Low light conditions can lead to poor image quality and limited visibility of important details in photographs. Traditional image enhancement techniques may not be effective in improving low-light images due to high noise levels and loss of information. This research aims to develop novel methods for enhancing low-light images by addressing these specific challenges, with the goal of improving the overall quality and visual clarity of photographs taken in low-light conditions.

Dataset

The LOL dataset is a collection of 500 low-light and normal-light image pairs. It is divided into 485 training pairs and 15 testing pairs. The low-light images contain noise produced during the photo capture process.

Model Architecture

The model architecture consists of converting the image to the auto-contrast form of the image and passing it through 6 convolutional blocks followed by 5 residual blocks.

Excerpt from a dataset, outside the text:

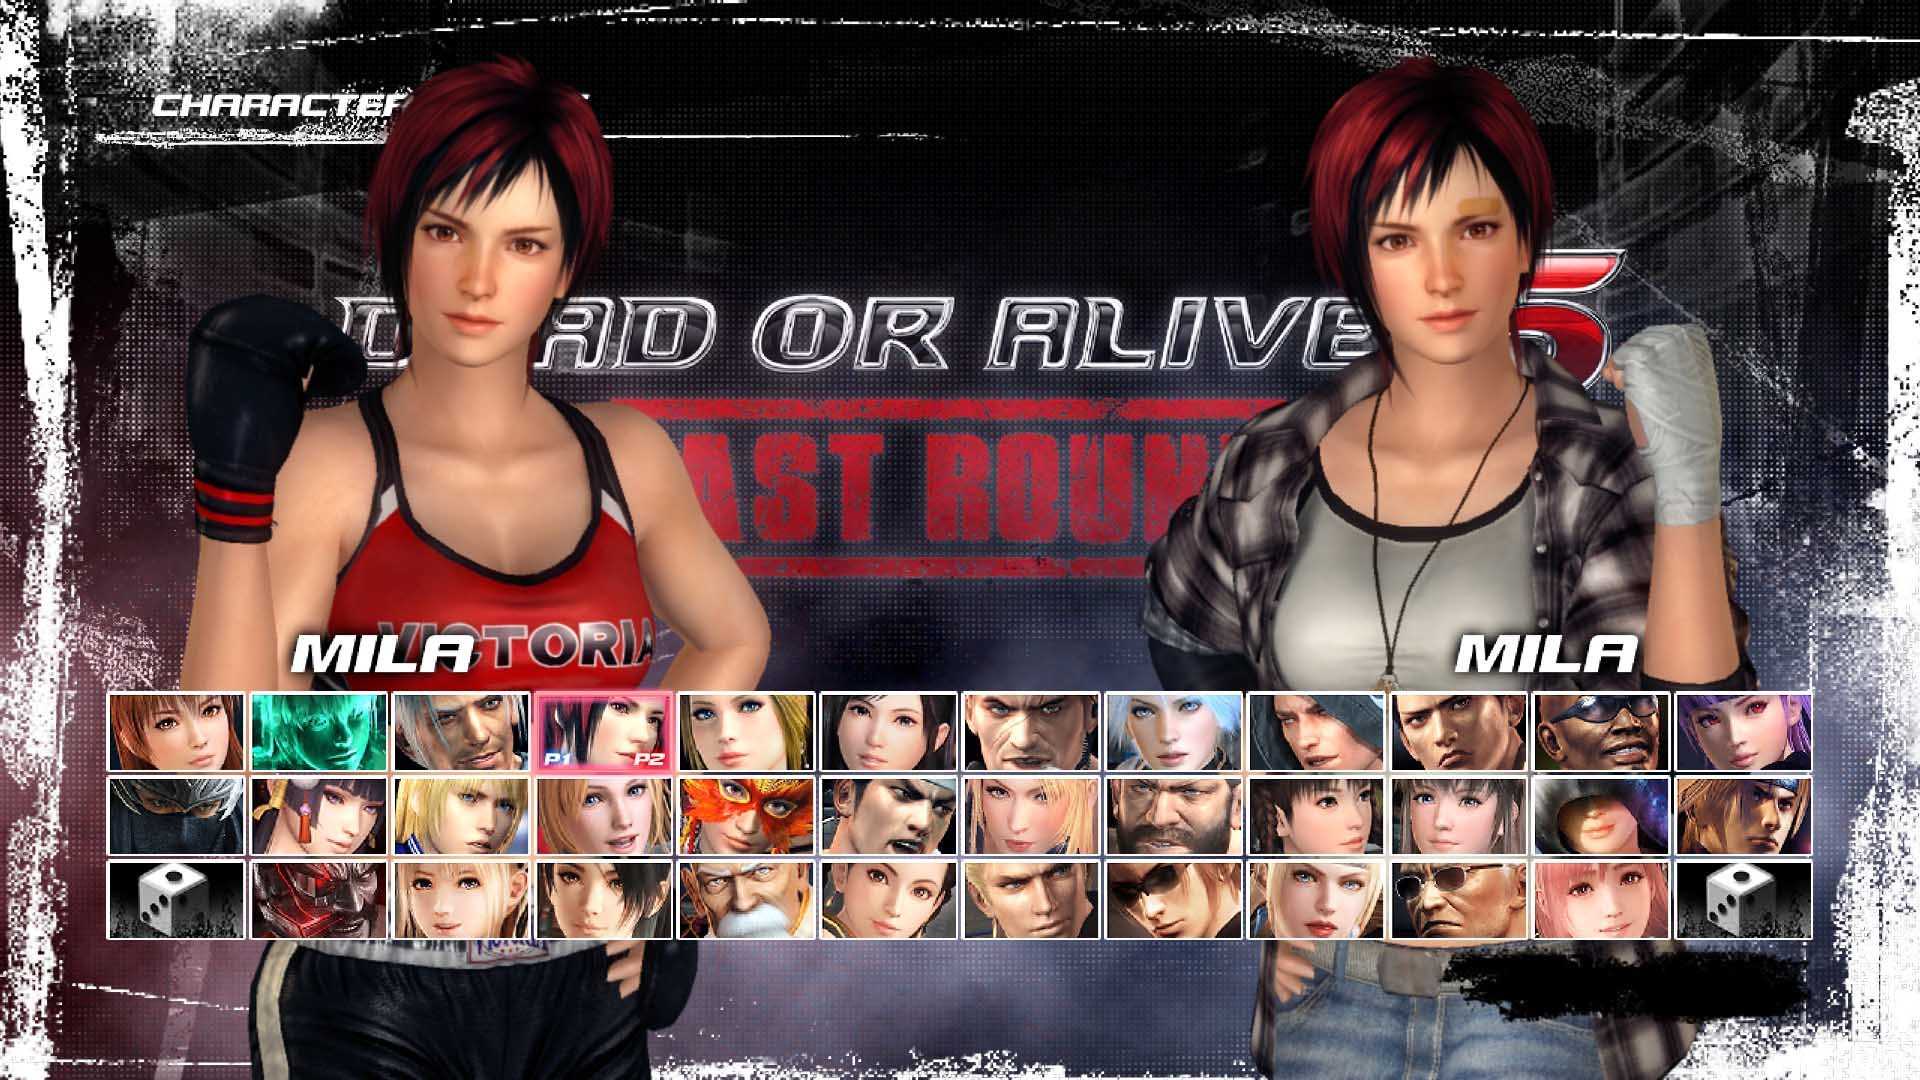 download dead or alive 5 last round core fighters for free

After this, the image is deconvolved and combined with the auto-contrast image to produce the final enhanced image.

Model Training

The model is trained with a combination of perceptual loss calculate on 2 blocks of pre trained VGGnet and charbonnier loss calculated on the output of our model on the LOL dataset for 50 epochs

PSNR vs Epochs
Loss vs Epochs

Results

Here are some example image results

Conclusions

We found out that a custom loss function of perceptual loss and charbonnier loss could be used to produce the smoothest images. With our custom model architecture, we were able to achieve low latency as well as a higher PSNR of around 20 as compared to similar models.

References

  • Syed Waqas Zamir, et. al “Learning Enriched Features for Real Image Restoration and Enhancement”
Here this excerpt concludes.